The data below:

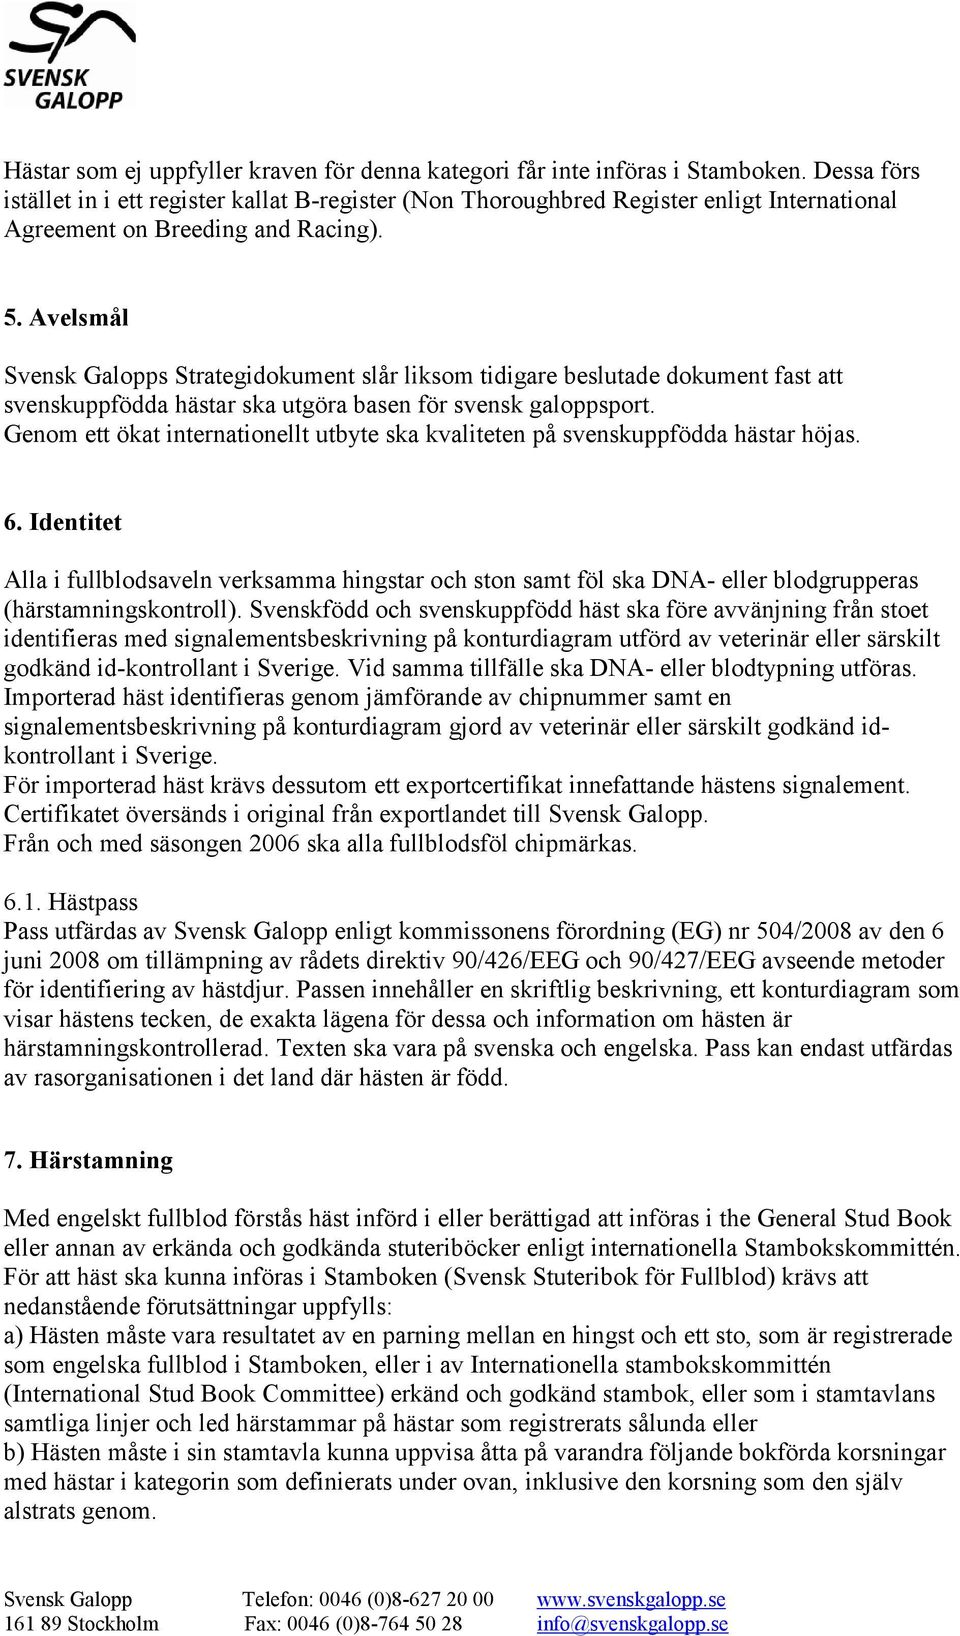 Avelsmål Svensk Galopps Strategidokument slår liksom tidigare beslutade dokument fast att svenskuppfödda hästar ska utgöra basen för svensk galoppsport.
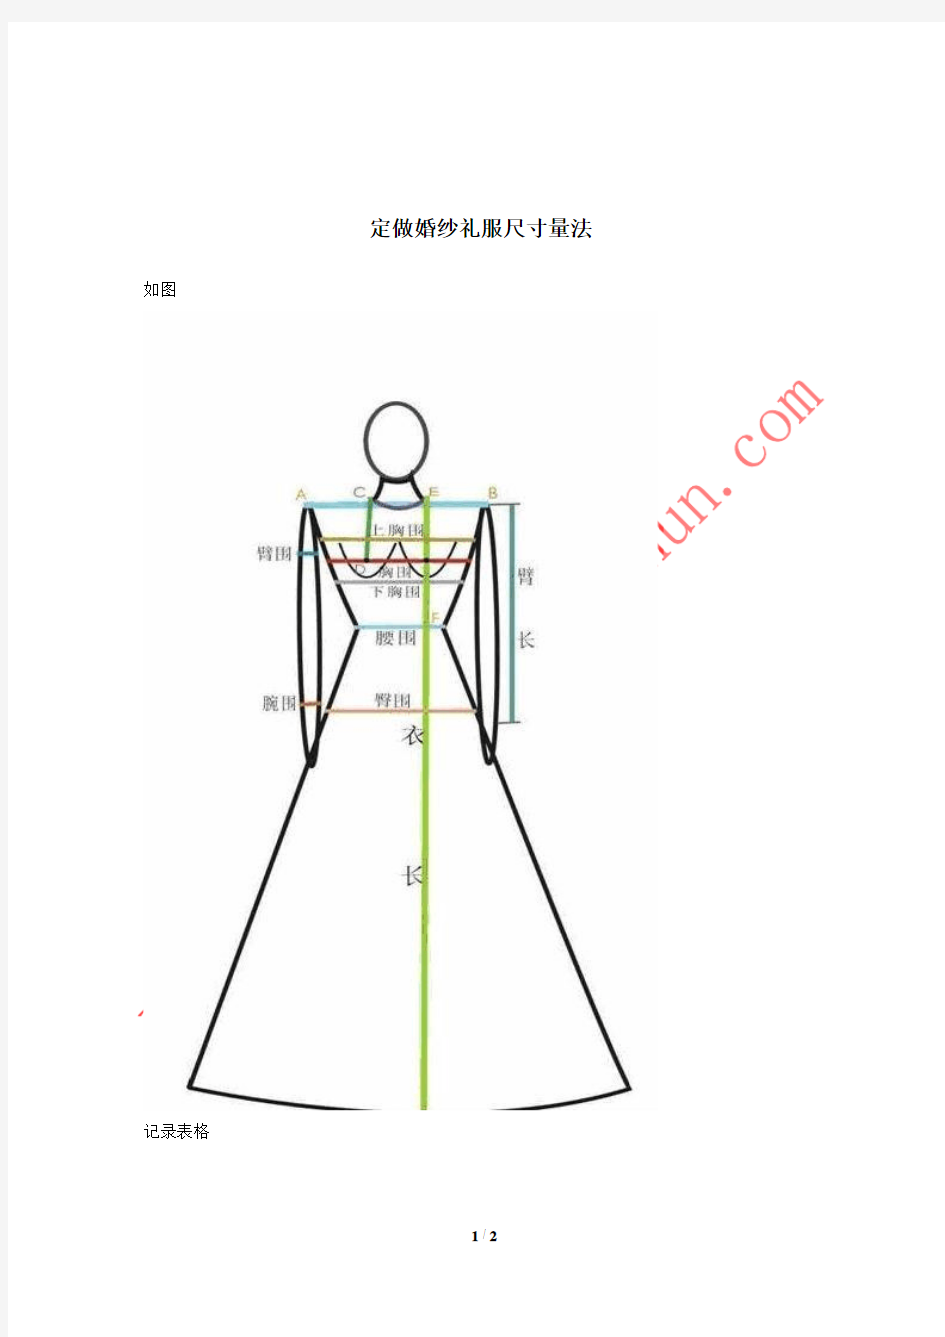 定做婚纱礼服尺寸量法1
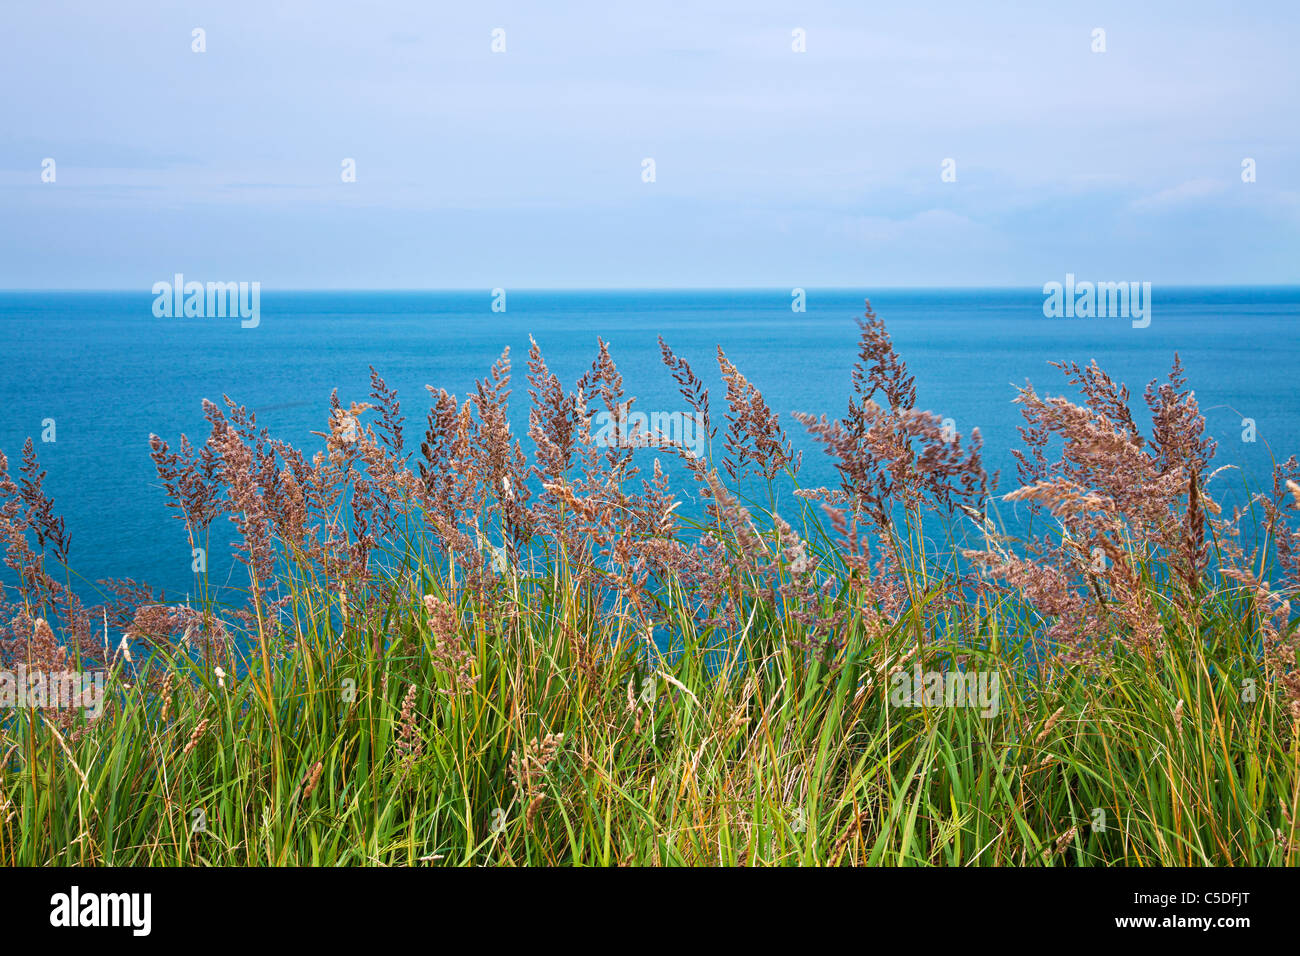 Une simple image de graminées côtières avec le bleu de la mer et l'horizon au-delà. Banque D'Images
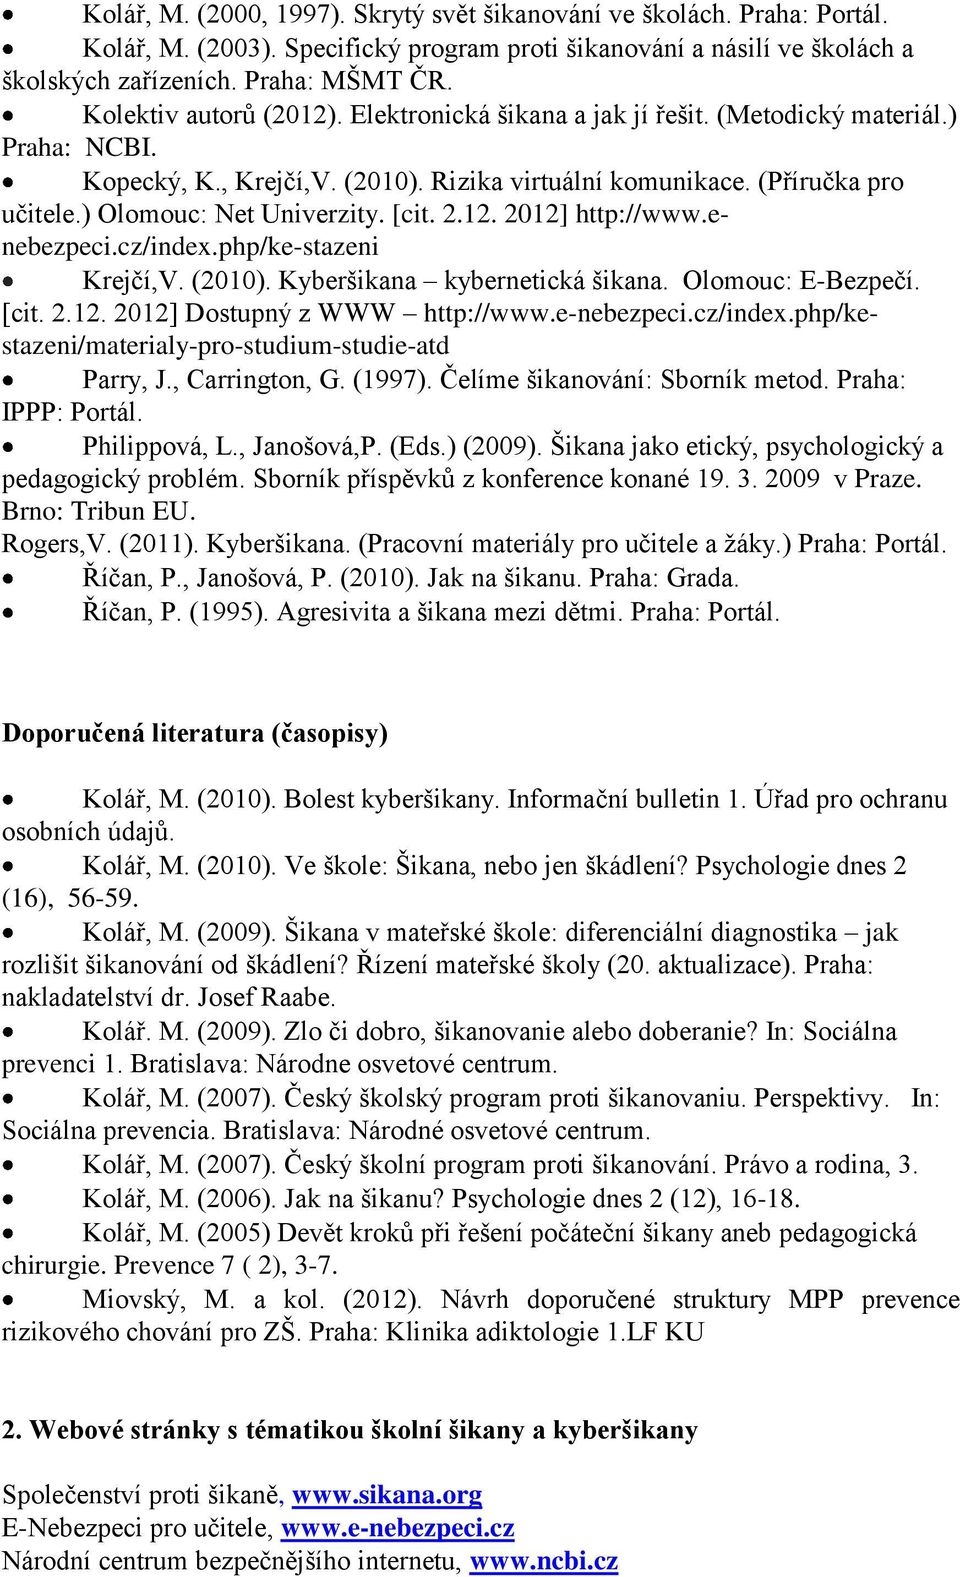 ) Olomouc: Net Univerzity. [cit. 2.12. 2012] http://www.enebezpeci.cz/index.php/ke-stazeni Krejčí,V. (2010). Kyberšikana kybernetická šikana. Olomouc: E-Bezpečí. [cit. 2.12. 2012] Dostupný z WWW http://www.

End of The data.

■ Instructions to follow
With the pictures removed, set down every line of the listing above exactly.

■ Your solution
 Avelsmål Svensk Galopps Strategidokument slår liksom tidigare beslutade dokument fast att svenskuppfödda hästar ska utgöra basen för svensk galoppsport.
 定做婚纱礼服尺寸量法1
 Une simple image de graminées côtières avec le bleu de la mer et l'horizon au-delà. Banque D'Images
 ) Olomouc: Net Univerzity. [cit. 2.12. 2012] http://www.enebezpeci.cz/index.php/ke-stazeni Krejčí,V. (2010). Kyberšikana kybernetická šikana. Olomouc: E-Bezpečí. [cit. 2.12. 2012] Dostupný z WWW http://www.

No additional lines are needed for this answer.